Abstraction faite du tebbad, l’élévation de la température diurne nous privait déjà de nos forces, et deux de nos plus pauvres associés, se traînant comme ils pouvaient à côté de leurs bêtes chétives, tombèrent si malades, une fois leur eau épuisée, qu’il fallut les attacher à plat ventre sur les chameaux, vu qu’ils étaient parfaitement incapables d’y conserver leur assiette. On les avait soigneusement abrités, et tant qu’ils purent articuler une parole, nous n’entendîmes sortir de leurs lèvres desséchées que cette exclamation monotone : « De l’eau, de l’eau !… Par pitié, par charité, quelques gouttes d’eau !… » Hélas ! leurs meilleurs amis refusaient impitoyablement de leur sacrifier la moindre gorgée de ce liquide qui, pour nous, représentait la vie, et lorsque, le quatrième jour, nous arrivâmes à Medemin Bulag, un de ces malheureux fut soustrait par la mort aux tortures de la soif. C’était un des trois frères qui avaient perdu leur père à la Mecque. J’assistai à l’agonie de cet infortuné. Sa langue était absolument noire ; la voûte de son palais avait pris une teinte d’un bleu grisâtre ; ses lèvres étaient parcheminées, sa bouche béante, ses dents à nu ; sauf cela, ses traits n’avaient pas beaucoup changé. Il est fort douteux que, dans ces terribles extrémités, on eût pu le sauver en le faisant boire ; d’ailleurs pas un de nous ne s’en serait avisé.

C’est une chose horrible à voir qu’un père cachant à son fils, un frère cachant à son frère l’eau dont il peut être nanti ; mais, je le répète, lorsque chaque goutte représente une heure de vie, et quand on est aux prises avec les angoisses de la soif, les tendances généreuses, l’esprit de sacrifice, qui se manifestent fréquemment en d’autres occasions aussi critiques, perdent toute action sur le cœur de l’homme.

Après trois jours passés dans la partie sablonneuse du Désert, une dernière étape devait nous conduire à la plaine ferme, en vue des montagnes Khalata, dont la chaîne prend ici une direction septentrionale.
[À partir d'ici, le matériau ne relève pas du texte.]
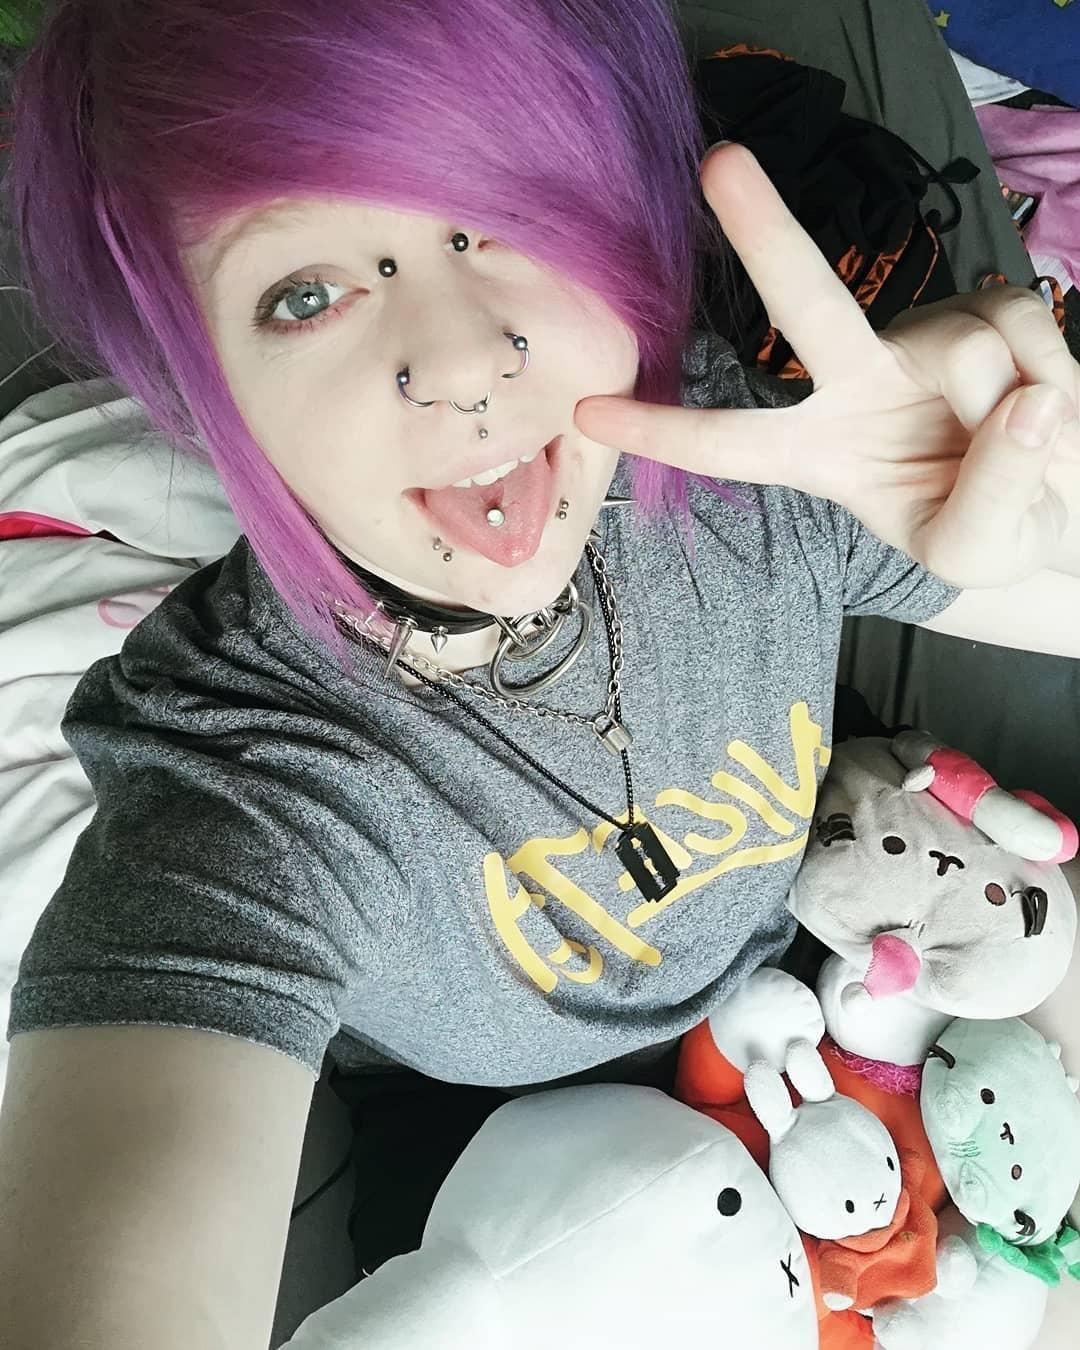 Wieder ein Headshot-Haarfarben-Mischer, die liebe @kaleiidoscopiic mischte #psychopurple mit #hellfirered und gab etwas Spülung dazu! 💜 #headshothaarfarbe #headshothairdye #headshothaircolor #dyebastarddye #buntehaare #purplehair #redhair #lilahare #emohair #piercedgirl #tonguepiercing

Nous étions, par malheur, condamnés à une déception nouvelle. Incapables de plus longs efforts, nos bêtes de somme se refusèrent à la marche, et il fallut demeurer un jour encore en plein sable. C’était le quatrième, et il ne restait guère que six verres d’eau dans mon outre à peu près vide. Je les buvais goutte à goutte quand une soif implacable ne me laissait pas d’autre alternative. À un moment donné, la peur me prit, car il me sembla voir une tache noirâtre se former au centre de ma langue ; aussi avalai-je immédiatement tout d’un trait, croyant sauver ma vie, la moitié de ce qui me restait encore, mais il en résulta seulement une forte sensation de chaleur, immédiatement suivie d’un mal de tête qui s’aggrava dans la matinée du cinquième jour. Vers midi, au moment où nous commencions à distinguer les monts Khalata parmi les nuages dont ils étaient couverts, je sentis mes forces m’abandonner peu à peu. Plus nous approchions des montagnes, plus s’atténuait l’épaisseur des sables, et nos regards cherchaient de tous côtés avec ardeur quelques traces de troupeau, quelque hutte de bergers, lorsque le kervanbashi et ses gens nous signalant un nuage de poussière qui semblait venir de notre côté, nous avertirent qu’il fallait, sans retard, mettre pied à terre. Nos pauvres chameaux, plus expérimentés que nous, avaient déjà reconnu l’approche du tebbad ; après une clameur désespérée, ils tombèrent a genoux, allongeant leurs cous sur le sol et s’efforçant de cacher leurs têtes dans le sable. Derrière eux, comme à l’abri d’un retranchement, nous venions de nous agenouiller, quand le vent passa sur nous avec un frémissement sourd et nous enveloppa d’une croûte de sable épaisse d’environ deux doigts. Les premiers grains dont je sentis le contact produisirent sur moi l’effet d’une véritable pluie de feu. Si nous avions subi le choc du tebbad, à quelques six milles de là dans la profondeur du Désert, nous y restions tous infailliblement. Je n’eus pas le loisir d’observer ces dispositions à la fièvre et aux vomissements que l’on dit causés par le vent lui-même ; mais après son passage, l’atmosphère devint plus épaisse et plus écrasante.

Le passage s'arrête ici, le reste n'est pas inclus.